According to experts, the disruption of thousands of KA-Sat-9a terminals in several European countries can be explained only by an attack on the Central Network Operation Center (NOC). The fact that terminals are affected in different countries is due to the organization of network operations. The different types of damage and attack targets to different modem sections, which occurred at the same time as the Russian invasion of Ukraine began, are unclear.
The KA-SAT satellite supplies Europe and the Mediterranean region with Internet and, due to its independence from terrestrial infrastructure, is also used to connect technical systems in remote areas. Among other things, the operation of thousands of wind turbines was restricted. Wind turbines are still running and generating electricity, but they are no longer accessible for remote monitoring and control, it said earlier this month.

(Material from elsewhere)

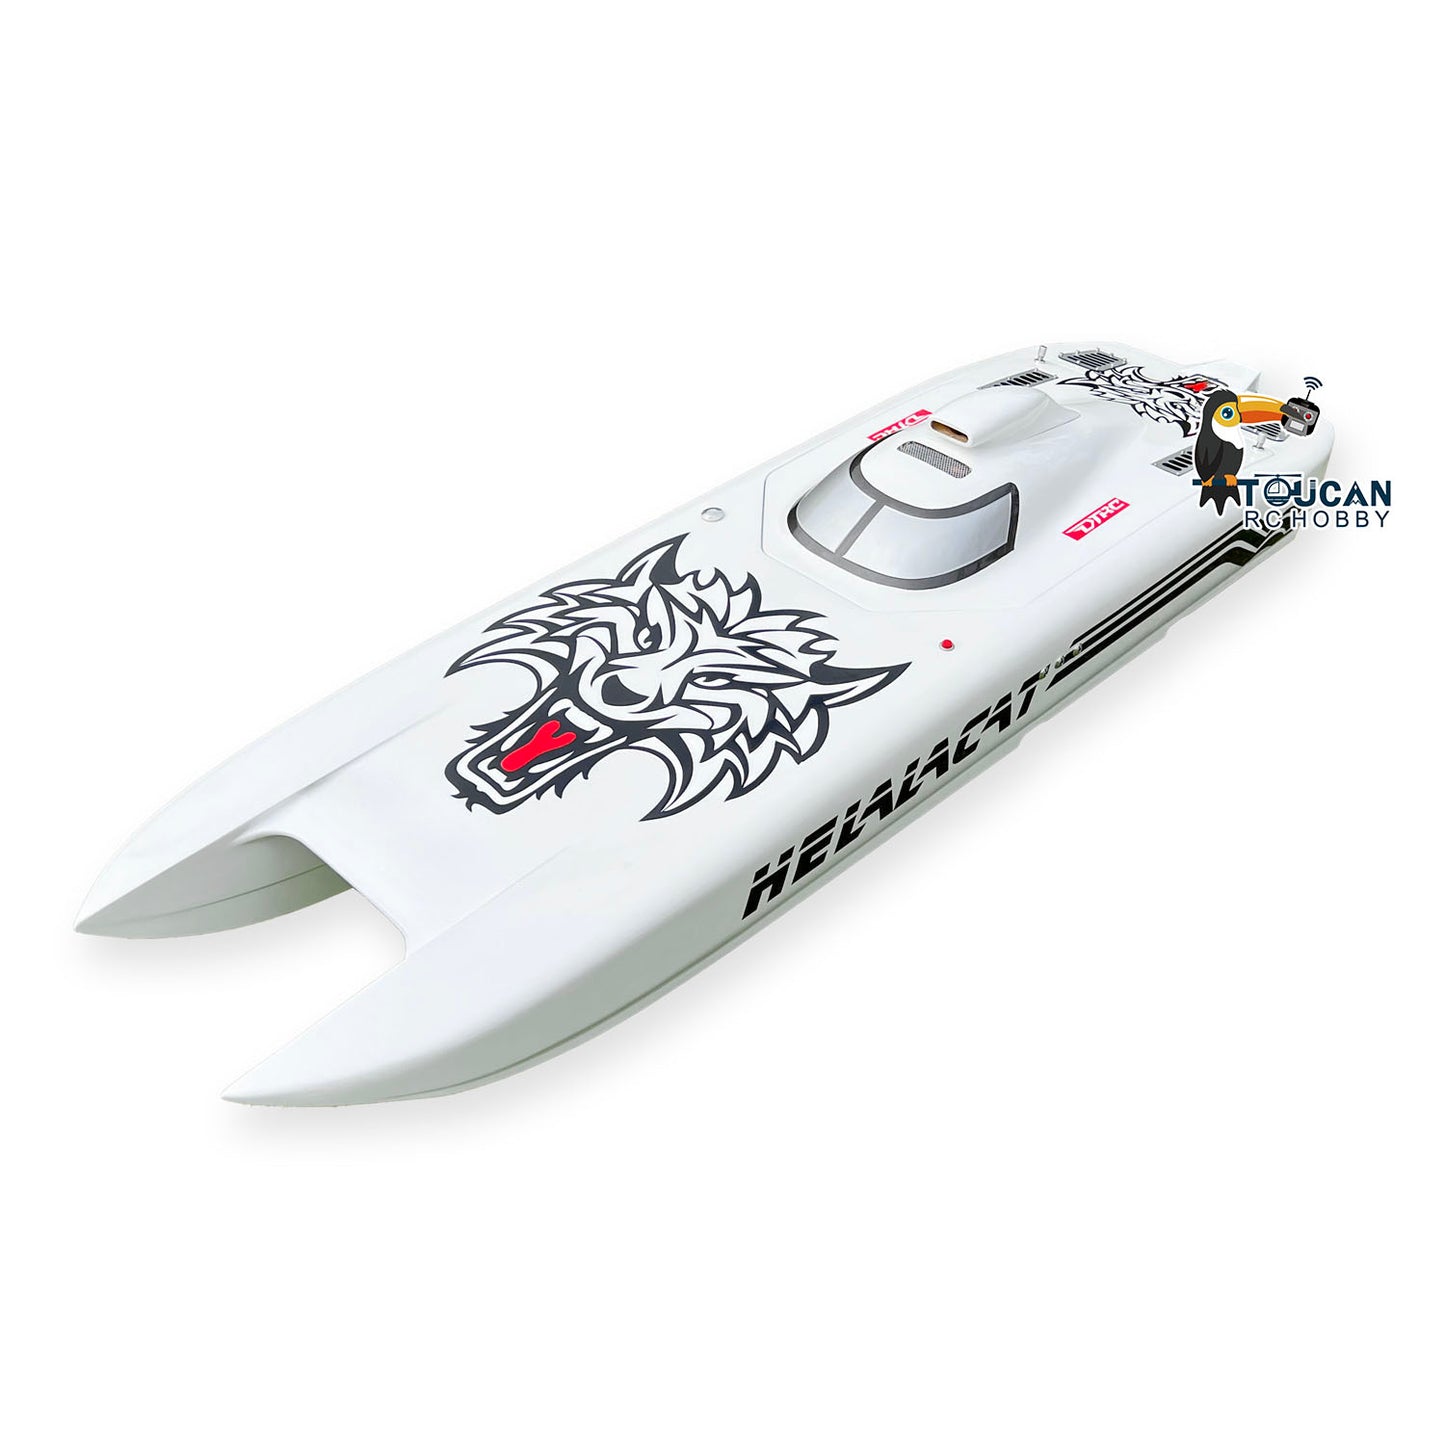 G30E 30CC Prepainted Gasoline Racing KIT RC Boat Hull DIY Model Kevlar for Advanced Player 1300*360*220mm Adult Present W/O Mount

Initially reported as a “cyber incident” by operator Viasat, the US company has now confirmed to the Federal Office for Information Security (BSI) that it was an attack. Andreas Knopp from the Bundeswehr University in Munich explains, independence from terrestrial infrastructure is currently making satellite Internet the most important means of communication in Ukraine. One of Ka-Saturn’s 82 “spot beams” is over Kyiv.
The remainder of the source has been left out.